For this week’s Flashback Friday post, I’m honored to have author, Luna Lindsey, here for a guest post on how the family library and thus, her father, influenced her as a writer.
My writing is influenced by every book I have ever read. The family library is my greatest influence.
The entire wall of my childhood living room was decorated in a wall-to-ceiling shelf perpetually filled with books. Just the presence of the shelf was an inspiration, even if I had never read any of them. But read them, I did.
My father was a product of the Golden Age of Sci-Fi. Many of the titles on that shelf were by the “Big Three” and their immediate descendants: Isaac Asimov, Ray Bradbury, Arthur C. Clarke, Robert Heinlein, Larry Niven, and Orson Scott Card.
Even more influential than these greats was my father himself. His only published story was featured on the cover of Galaxy in 1979.
My parents taught me how to use a typewriter and send query letters. My dad would let me help him build worlds, and together, we designed an intelligent species of carnivorous plant that spread seeds by exploding, and that evolved to launch its children into space.
His dreams have become my own, and that still motivates me to this day.
My next greatest influence is Isaac Asimov, the most represented author among my father’s paperbacks. His short story collections collectively hooked me. All of his stories seemed set in the same universe, progressing from near-future on to the 50,000 years future setting of the Foundation novels. These were idea stories, rarely with good characterization, because the ah-ha! feeling of exploring “what-ifs” took precedence. Yet even his cardboard cutout characters could make me cry, like Cranwitz in 2430, as he kills off the last non-human creatures on Earth.

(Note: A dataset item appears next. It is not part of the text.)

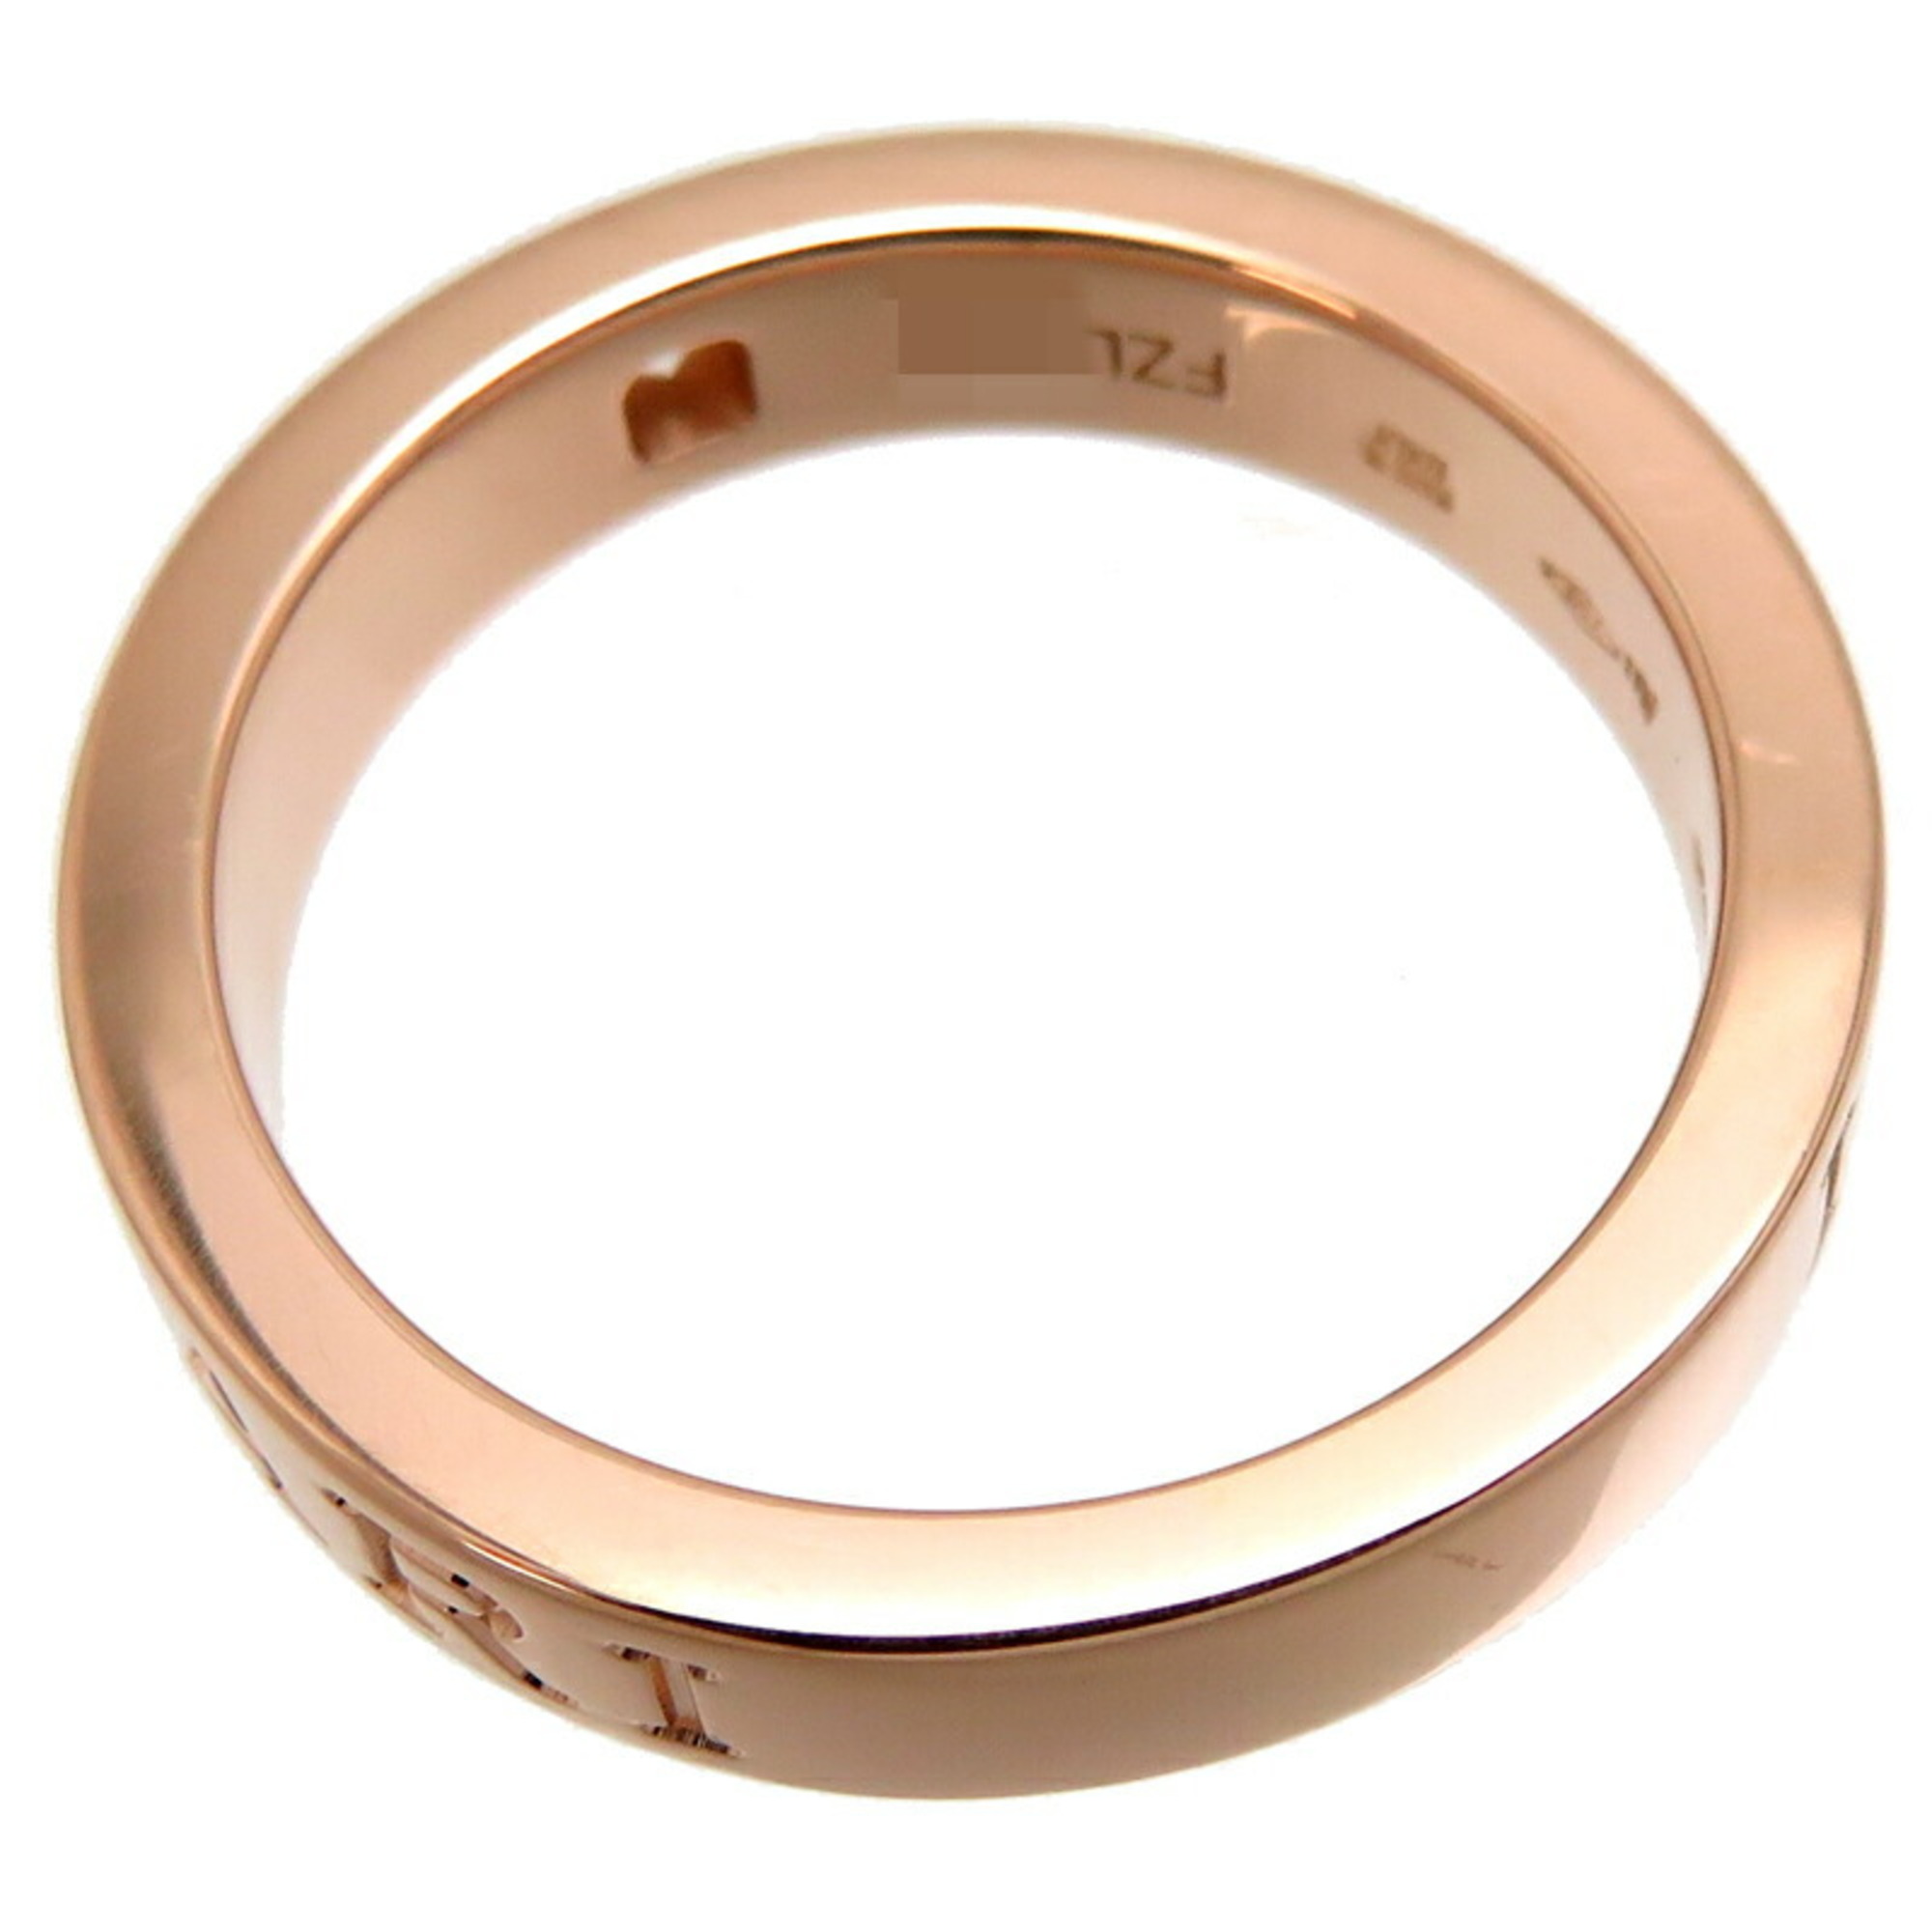 Bvlgari Diamond Double Women's Ring, 750 Pink Gold, Size 12

And I’ll never forget Arkady Darell, the teenage girl who stowed away on a spaceship in Second Foundation, who later went on to become a writer. She was like me. Though Asimov had few female protagonists (and most were children or wives), here was someone my own age, strong, and the hero.
Aside from teaching me a love of hard SF, Asimov taught me the importance of giving every reader a chance to sit in the driver’s seat, by offering a variety of characters for people to identify with.

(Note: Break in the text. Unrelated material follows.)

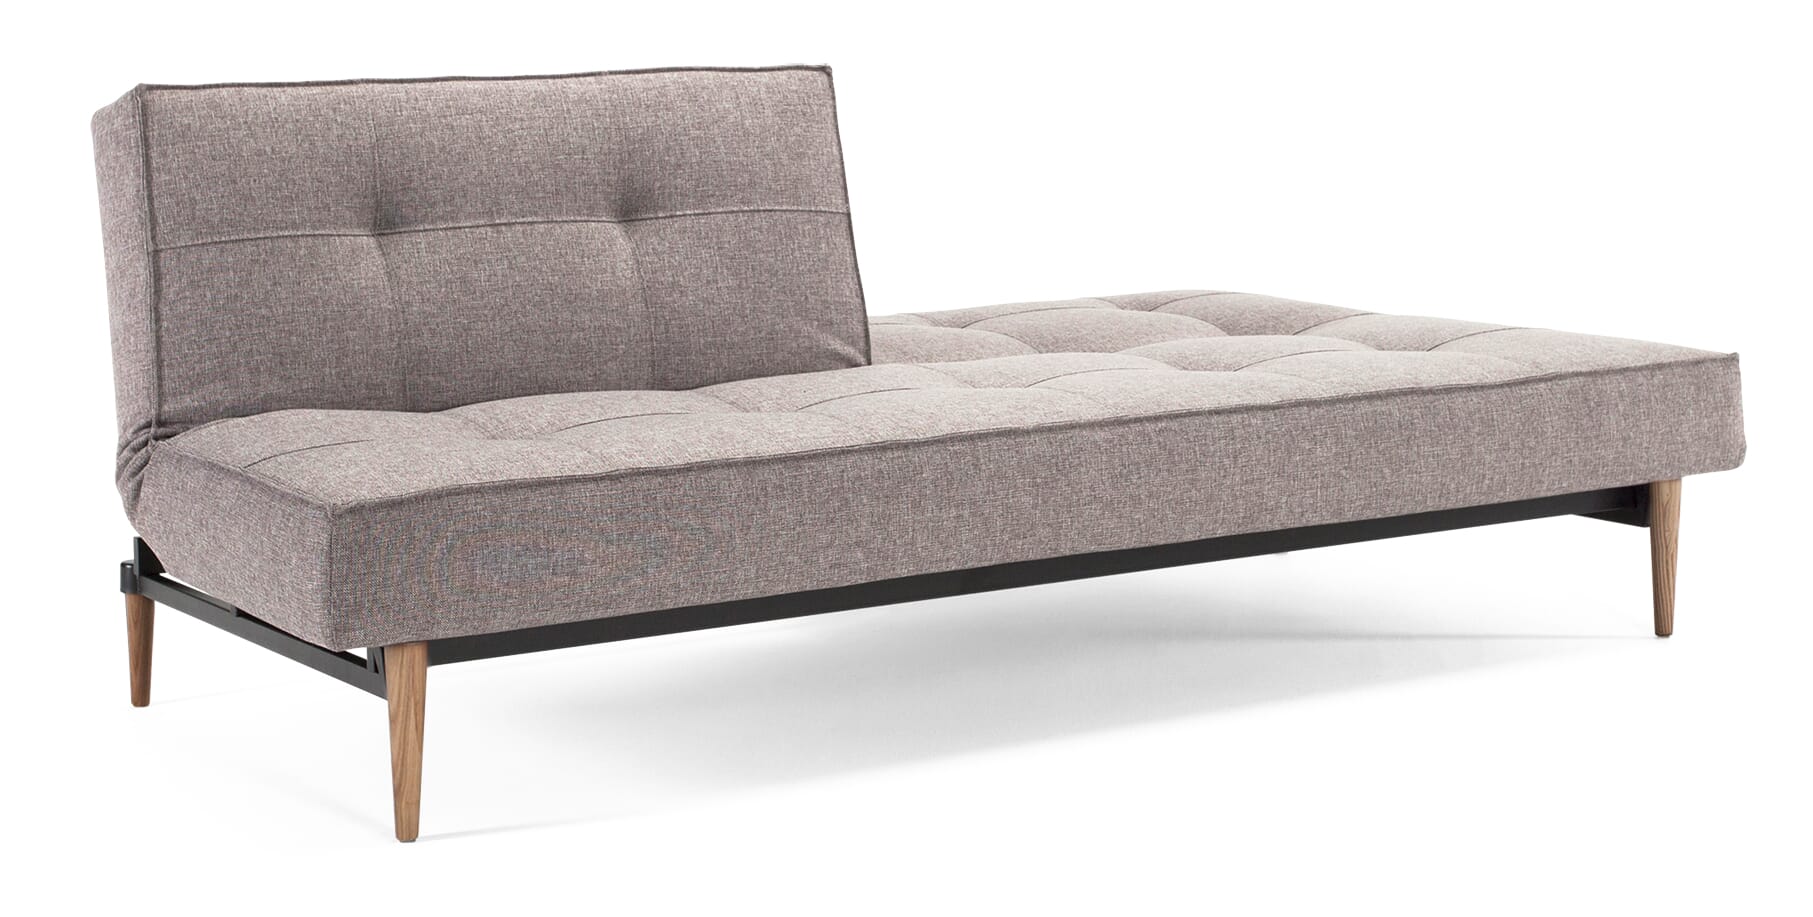 Manufactum Gray sofa | bed, Splitback

My earliest memory of reading sci-fi was in 3rd grade, with Madeleine L’Engle’s A Wrinkle in Time. Again, it featured a protagonist like myself. Wrinkle was the first world I felt fully transported into. (Tolkien‘s Fellowship is my second memory of this happening.) L’Engle gave me my first taste of sci-fi, and she was a female author. She made me want to be like her when I grew up.
Based on how often she’s listed as an influence, perhaps L’Engle should win some kind of prize for being the most inspirational sci-fi author in history.
Ray Bradbury fine-tuned my ear for prose. His ability to paint with words is a model that every writer should study. Just about any passage of Bradbury is a poem, like this bit from Dandelion Wine:
The grass whispered under his body. He put his arm down, feeling the sheath of fuzz on it, and, far away, below, his toes creaking in his shoes. The wind sighed over his shelled ears. The world slipped bright over the glassy round of his eyeballs like images sparked in a crystal sphere. Flowers were sun and fiery spots of sky strews through the woodland. Birds flickered like skipped stones across the vast inverted pond of heaven. His breath raked over his teeth, going in ice, coming out fire. Insects shocked the air with electric clearness. Ten thousand individual hairs grew a millionth of an inch on his head. He heard the twin hearts beating in each ear, the third heart beating in his throat, the two hearts throbbing his wrists, the real heart pounding his chest. The million pores on his body opened.
I’m really alive! he thought. I never knew it before, or if I did I don’t remember!
I had the honor of channeling Bradbury’s spirit to write Beyond Earth’s Summer for Penumbra eMag in 2013, a story using Bradbury’s style and voice, and also about what happened to his lost soul.
Bradbury’s book on the craft, Zen and the Art of Writing, is a must-read for authors.
My final influence worth mentioning is Orson Scott Card, who today is a controversial figure. Since I was raised Mormon, he was something of a folk hero in my community. Card’s showcase talent is as a storyteller. He can weave an engaging, hard-to-put-down tale that he as a writer had as difficult a time wrapping up as the reader did. When you opened a Card book, you knew you were going along for a ride and you would be sad when it was over.
Card, like Bradbury, gives excellent writing advice. His writing on writing is invaluable.
These are the authors who passed on their sparks to me. Like a flame, it only grows brighter the more you share it around.